> ASSIGNMENT: The material below should be copied line for line, please, with pictures omitted.
━━━ DATA SECTION
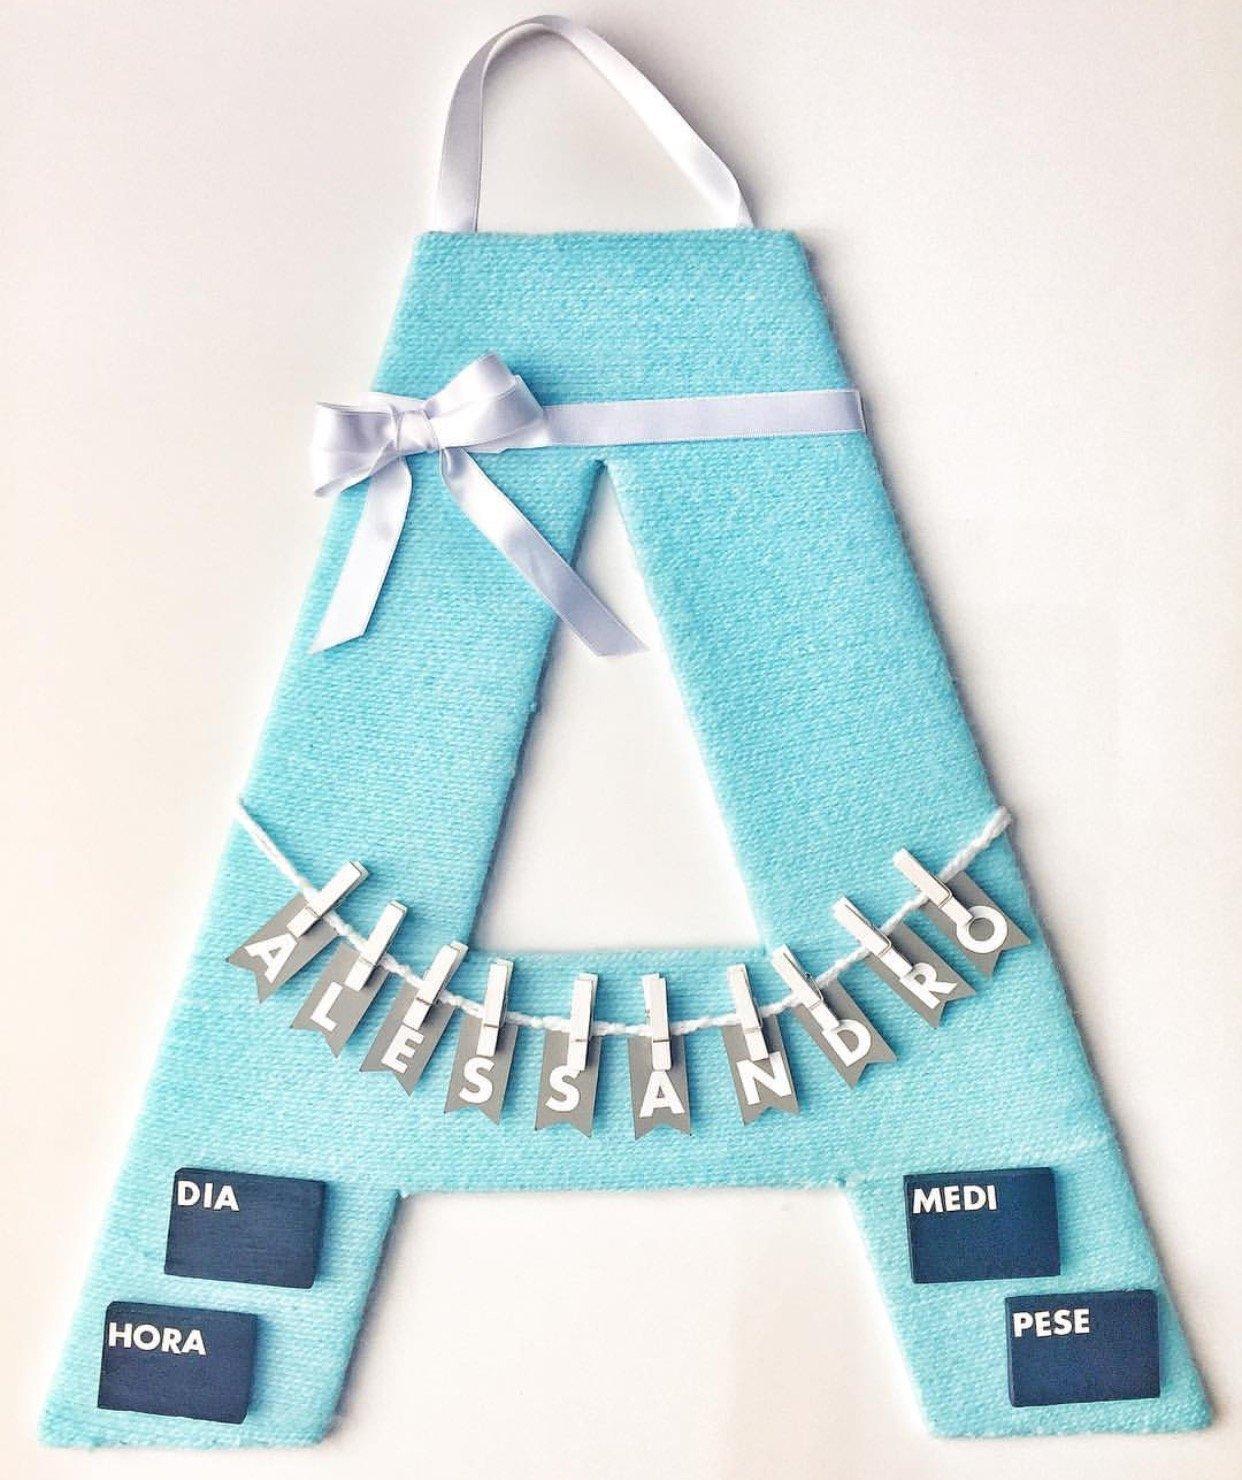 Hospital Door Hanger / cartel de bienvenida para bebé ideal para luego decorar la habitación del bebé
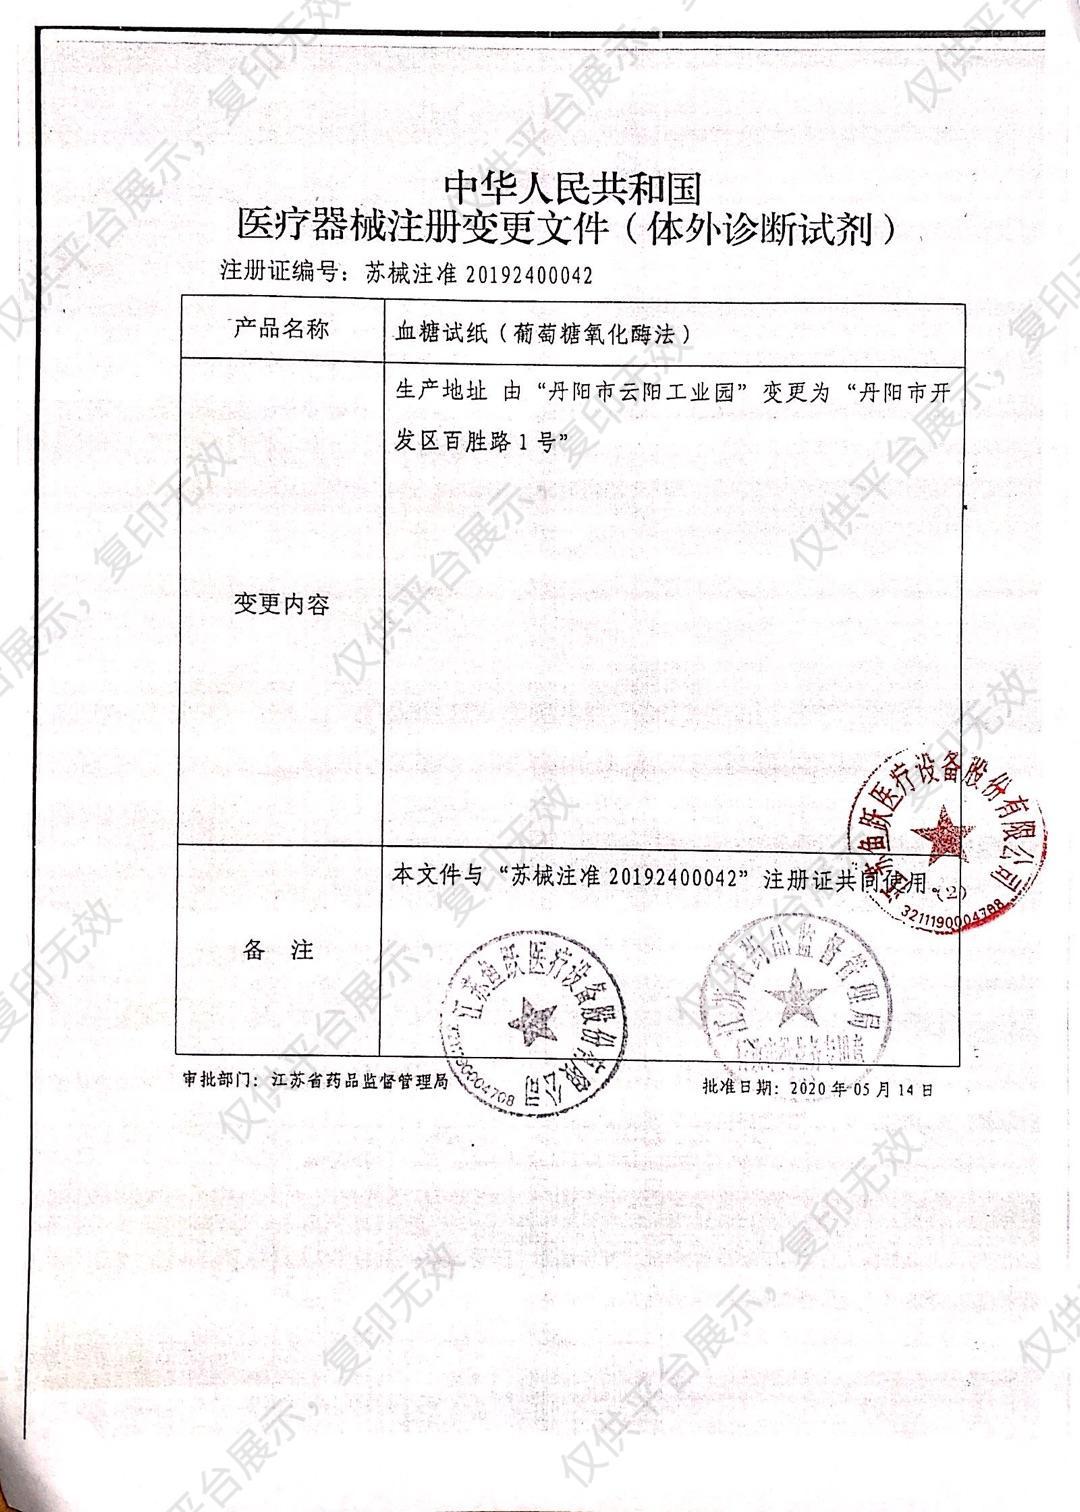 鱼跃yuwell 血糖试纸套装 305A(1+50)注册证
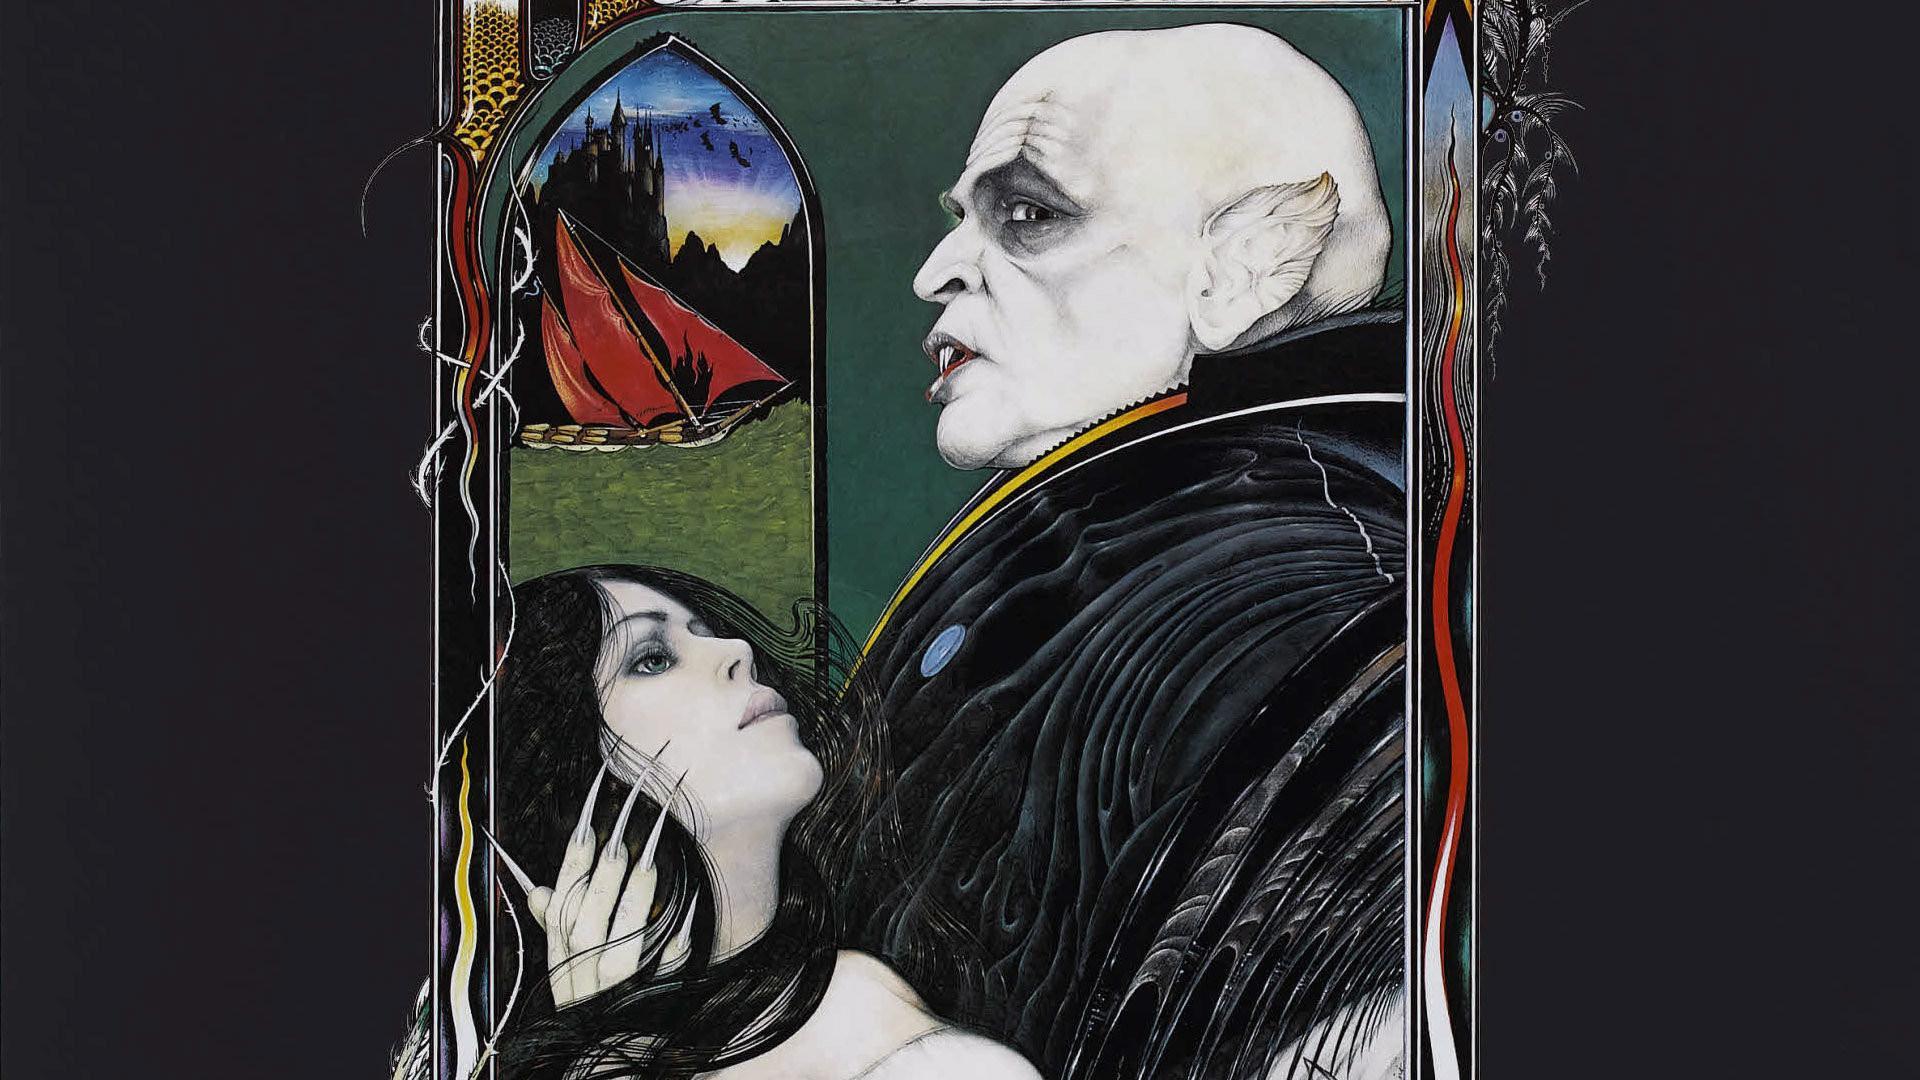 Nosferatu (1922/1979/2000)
━━━━━━
> COMPLETED EXERCISE:
 Hospital Door Hanger / cartel de bienvenida para bebé ideal para luego decorar la habitación del bebé
 鱼跃yuwell 血糖试纸套装 305A(1+50)注册证
 Nosferatu (1922/1979/2000)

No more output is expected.